More and more South Africans are now running their own businesses, in the traditional sectors such as restaurants and hardware stores, as well as the fast-growing services and consulting fields. A successful business takes money and time, and often the whole family’s financial resources are tied to the health of the business. And the success of a business is driven by its most important asset – its people. Business Assurance is the specialised field that looks at the risks to your business if owners or key staff were to leave, become ill or disabled, or die. Business assurance policies mitigate these risks and ensure that adequate provision is made for your business to withstand these shocks. Business assurance brings certainty, adds financial liquidity and is vital to the succession planning process.
Understanding the cash-flow risks to your business in case of unexpected events is essential
The two most common areas looked at are buy-and-sell agreements which provide for the purchase of shareholding between business owners; and key person assurance which compensates the business for the loss of a valued employee. Another aspect to consider is contingency cover which ensures that your business will not be financially impacted if the person standing surety for business debts becomes disabled or dies and cannot pay the business debts. Lastly, business overheads cover will provide income to pay the monthly expenses of the business if you are unable to work due to illness or injury.
A buy-and-sell agreement is a contract between owners or key staff where the estate of the deceased shareholder sells its interest in the business to nominated purchasers at an agreed price. This may be called a “business will” since it sets out the process for business succession. Usually an insurance policy is taken out on the lives of the owners to fund the purchase price. This ensures that the business can continue as a going concern with its benefits and obligations to staff and customers, while the family of the deceased owner receives the full value of the deceased’s interest in the business as soon as the estate is wound up. When faced with questions like these, how well prepared are you? If you die or become disabled:
- Will your salary from the business be lost, and how would this affect your family?
- How can your family unlock the value of your shareholding in your business?

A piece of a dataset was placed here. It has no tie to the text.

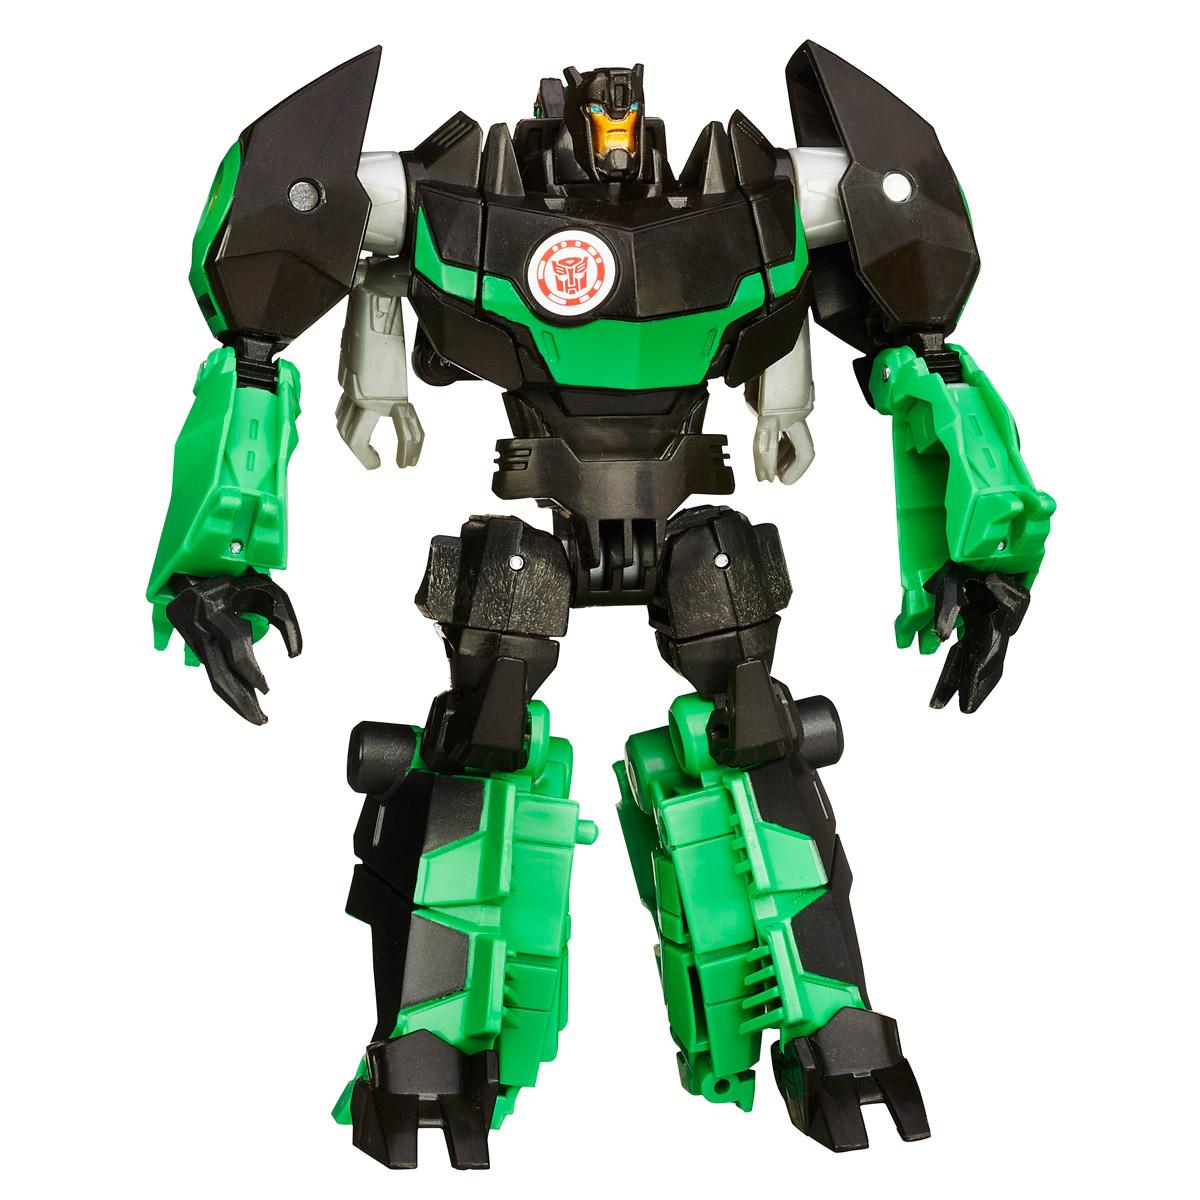 Transformers Robots In Disguise GrimlockB0070EU4_B0908Фигурка Transformers Robots In Disguise Grimlock обязательно понравится любому маленькому поклоннику знаменитых Трансформеров! Фигурка выполнена из прочного пластика в виде трансформера-автобота Гримлока. Руки и ноги робота подвижны. В 10 простых шагов малыш сможет трансформировать фигурку робота в грозного динозавра. Фигурка отличается высокой степенью детализации. Небольшие размеры фигурки позволят брать ее с собой на прогулку или в гости. Ребенок с удовольствием будет играть с фигуркой, придумывая разные истории. Порадуйте его таким замечательным подарком!

- Who will take over the business?
Key Person Insurance
A key person may be an owner or an employee who has skills, knowledge and relationships with customers and suppliers, and it would be a real loss to the business if he died or became disabled. The business can simply take out an insurance policy on the life of the key person for the amount that the business would need in the event of his death, either to recruit or train a replacement.
The success of a business is driven by its most important asset – its people
Some key questions to understanding the cover required may be:
- Which employees are key to your business and how reliant on them are you?
- If the key person was to die, what would be the financial implications, and what would be the impact on the cashflow of the business?
- How long would it take to replace that person?
Manage your business risks for peace of mind
Running a successful business is the best way to create family wealth over the long term However, having a good understanding of the cashflow risks in case of unexpected events is essential. Don’t leave it all to chance. Take the time to meet with a Business Assurance professional and guard against these risks as far as you can.